ALTERNATE DIRECTOR – COMPANIES ACT 2013
An alternate director is often appointed as a director only on occasions where a director of a corporation is far away from India for a period of three months or more. No other reasons would qualify. Additionally, alternate directors are frequently appointed at the simple possibility of the initial director’s absence. It’s not necessary that the Board of Directors await the particular absence to form a briefing.
Power to Appoint Alternate Directors
An alternate director is often appointed by the Board of Directors, through authorization by way of a clause in Articles of Association or by passing a resolution within the general meeting.
Notices and Meeting
The appointment of alternate directors wouldn’t keep the initial directors side line. The initial director in addition because the alternate director, is entitled to receive notices of board meetings, and will participate in it. This can be especially relevant when a gathering takes place during a location where the initial director is stationed. it should be noted that both the initial and alternate director cannot attend the identical meeting. The alternate director is specifically appointed to fill the temporary barren of the initial director.
Video Conferences
Meetings may also be conducted through video conferences, thereby enabling the initial director to attend the meeting. This can be somewhat active in India, yet not fully operational yet as small and medium enterprises might not be able to afford such an option.
Can another Director act on Behalf of Multiple Directors?
A person appointed as an alternate director to at least one of the directors cannot extend his role by acting as an alternate director to a different. Moreover, the alternate director proposed to be appointed shouldn't be an element of the company’s current Board members.
Alternate Director to an Independent Director
A company may like better to appoint an alternate director as an independent director, only if the actual person is qualified for the appointment.
Tenure of an Alternate Director
The alternate director’s tenure involves an end as soon because the original director is back within the country i.e. after a minimum period of three months. Besides that, an alternate director cannot maintain his position within the event of a sudden resignation of the initial director.
Number of Directors
The number of directors during a company, as per the 2013 Act, shall not exceed 15. This can be also pertinent to the appointment of alternate directors because the company cannot appoint an alternate director if the corporate already houses the most number of directors.
Appointment by Circulation
There aren't any prohibitions stipulated for the appointment of an alternate director through circulation. Aside from circulation, directors may also be appointed through a meeting, either conducted physically or through other means.
Legal Provisions related to the appointment of Alternate Director
Legitimate Provisions related to Choosing of Alternate Director are given in segment 161(2) of the companies Act, 2013, which is repeated for your quick orientation:
Section 161(2): Alternate Director
The BOD’s of a company may if so accredited by its articles or by a resolution passed by the company commonly in the meeting, appoint any alternate director for the opposite director within the organization, to act as an alternate director for a director during his absence for a period of not but 3 months from India.
Provided that no individual shall be selected as an alternate director for the position of the independent director unless he's competent to be appointed as an independent director under the provisions of this Act.

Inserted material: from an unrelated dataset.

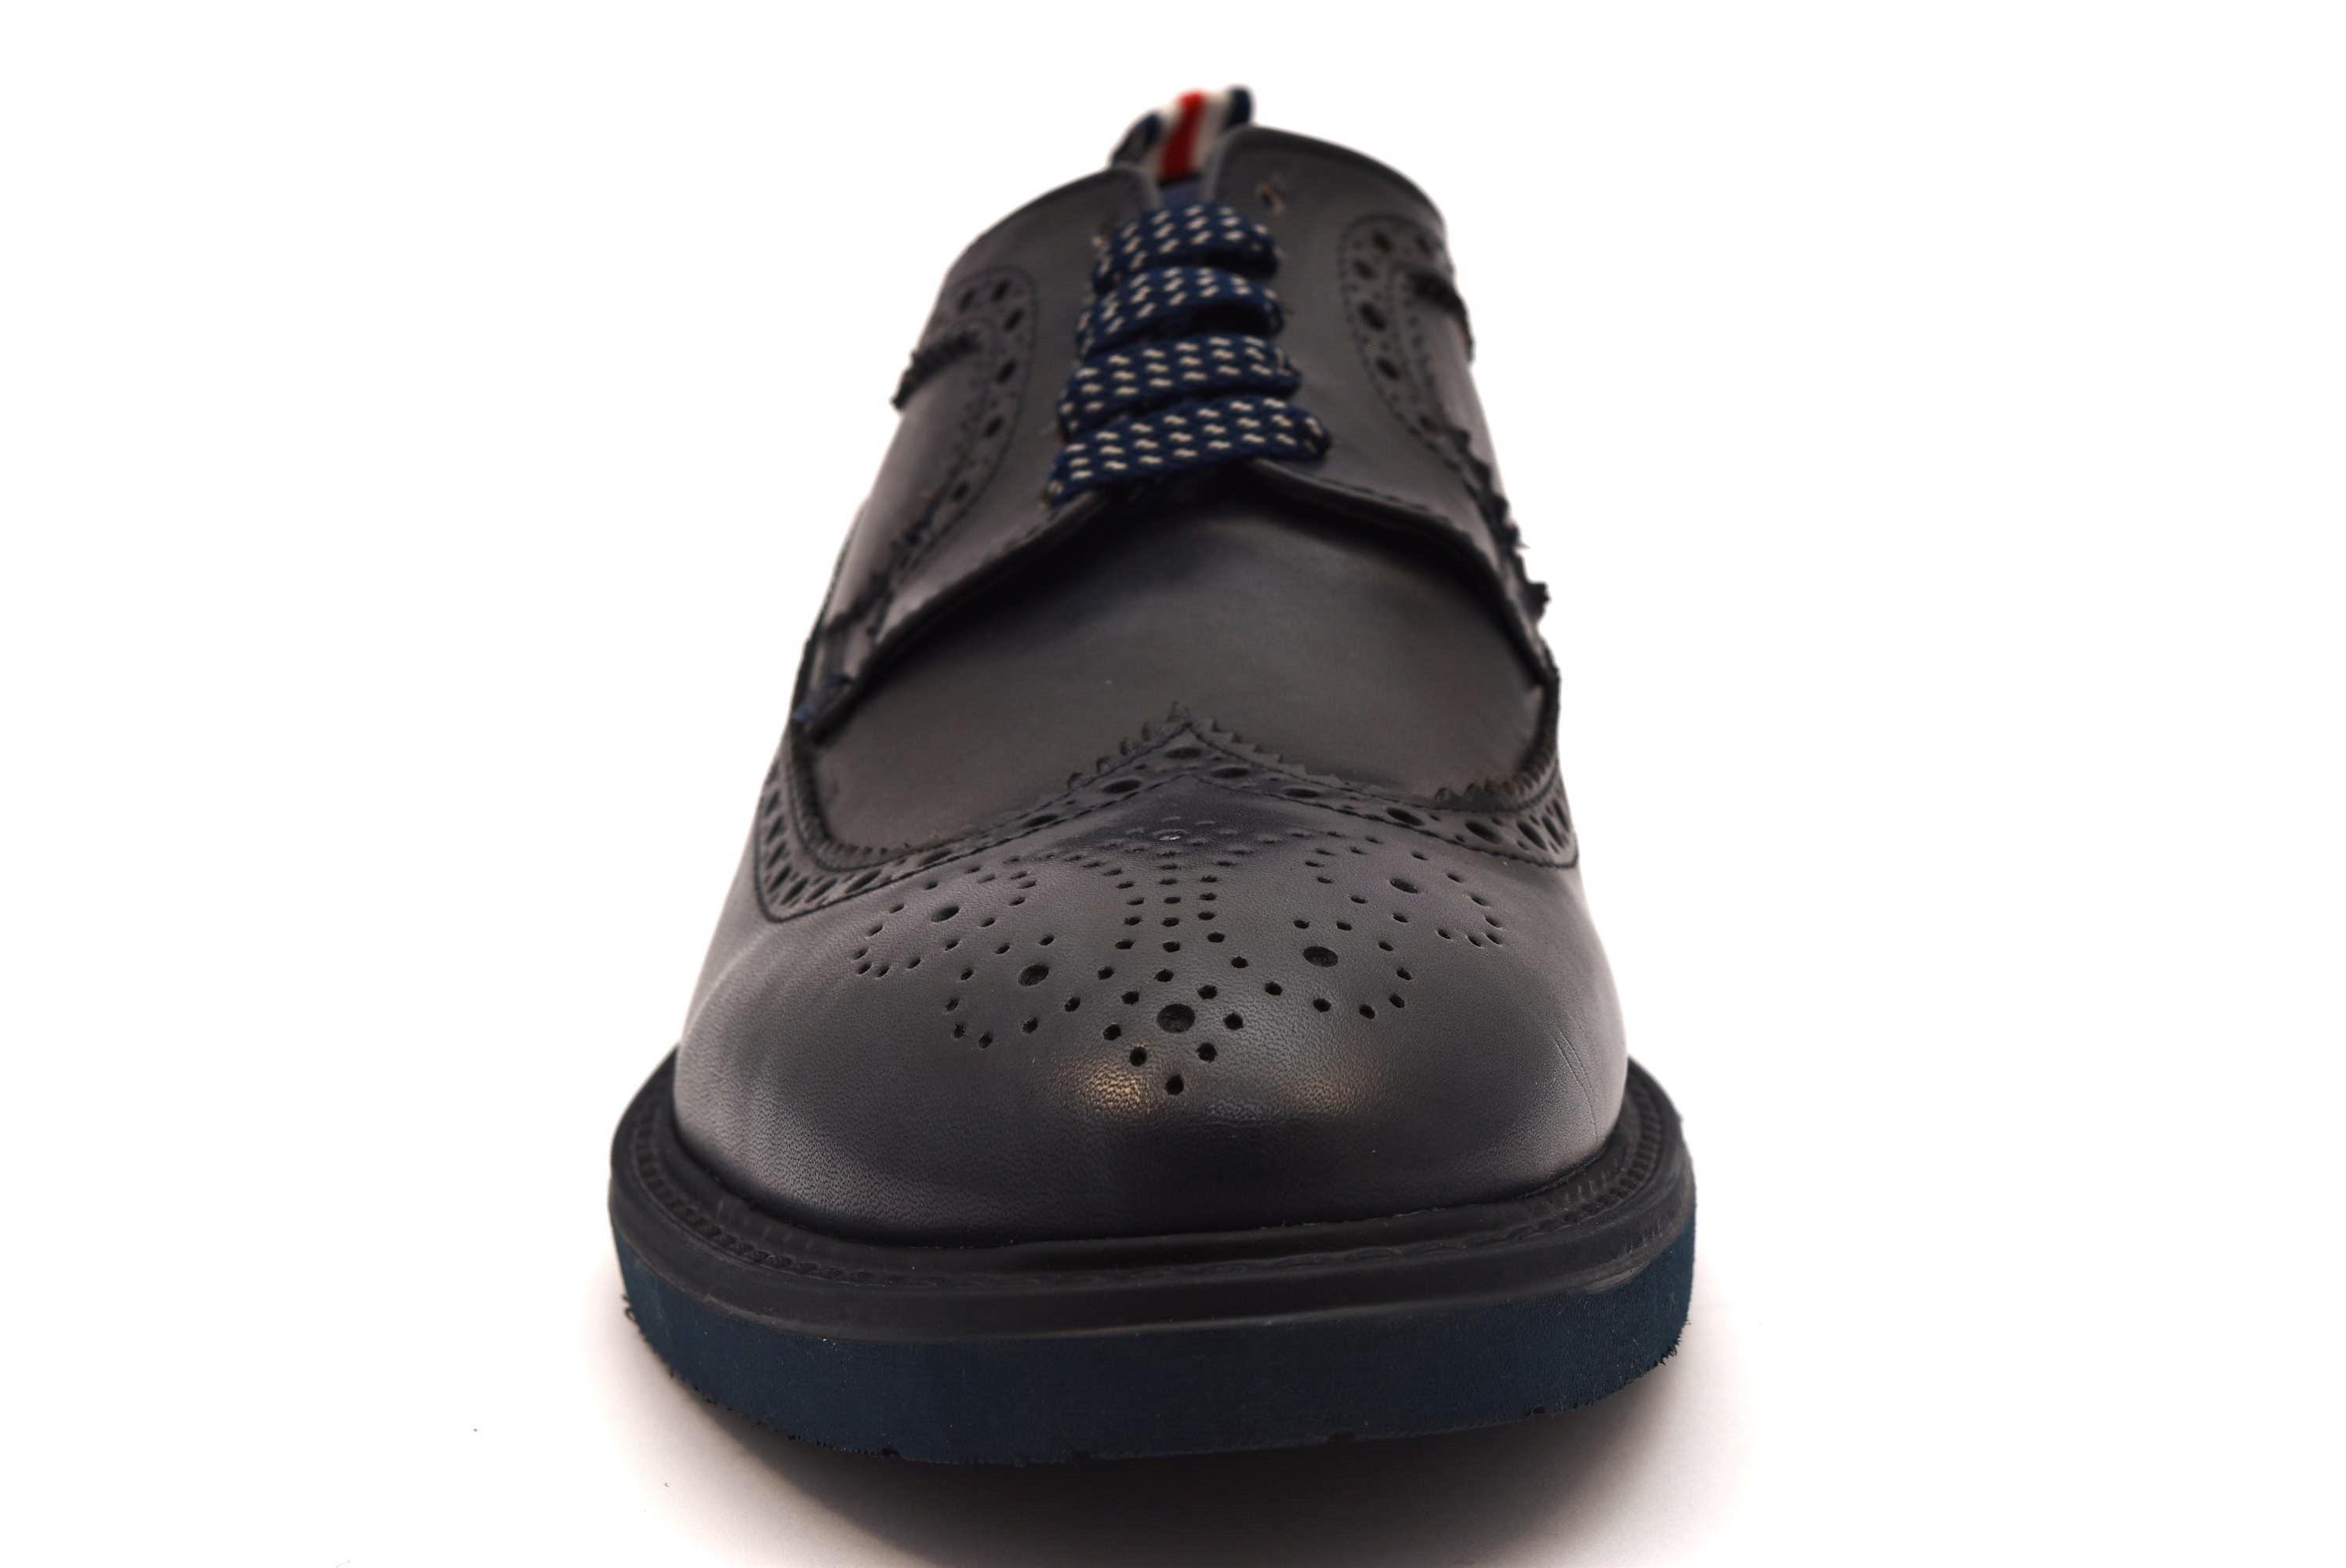 sospetto svegliati offerta  CAFè NOIR JRP134 228 RP134 BLU Scarpe Uomo | shoesmyfriends.it

Provided further that an alternate director shall not hold office for a duration longer than that allowable to the original director in whose place he has been employed and shall empty the office if and when the director in whose place he has been appointed returns to India.
Provided also that if the term of office of the initial director is determined before he so returns to India, any provision for the automated re-appointment of retiring directors in default of another appointment shall apply to the initial, and to not the alternate director.
Main notable points regarding appointment of Alternate Director.
Please find below few relevant points to know the concept of Alternate Director:
1. The Board may appoint an alternate director if authorized by the Articles of Association of the company or by a resolution passed by the company generally meeting.
2. Proposed Alternate Director mustn't be a private holding any alternate directorship for the opposite director within the corporate.
3. Board can employ Alternate Directors to act on the position of alternate director for the original director during his non-appearance for a period of not less than 3 months. Earlier in Companies Act 1956 it absolutely was absent for a minimum of three months from the state during which Board meetings are ordinarily held.
4. The initial director and also the alternate director can remain on the Board see you later because the above position continues and there is no need for approval by the company in general meeting. But whenever the "original" director returns to the country (India) in question, the alternate director automatically vacates his office and he could even be appointed again when the initial director leaves that country (India).
5. The return of the initial director to the state are enough for the cessation of office of the alternate director whether or not the initial director attends a meeting. E-form DIR-12 shall be filed by electronic means with the Registrar of companies in reverence of vacation of workplace and employment on every occasion.
6. This appointment could even be made at a gathering of the Board or by a circular resolution. The AoA of a private company may provide for the employment of an alternate director.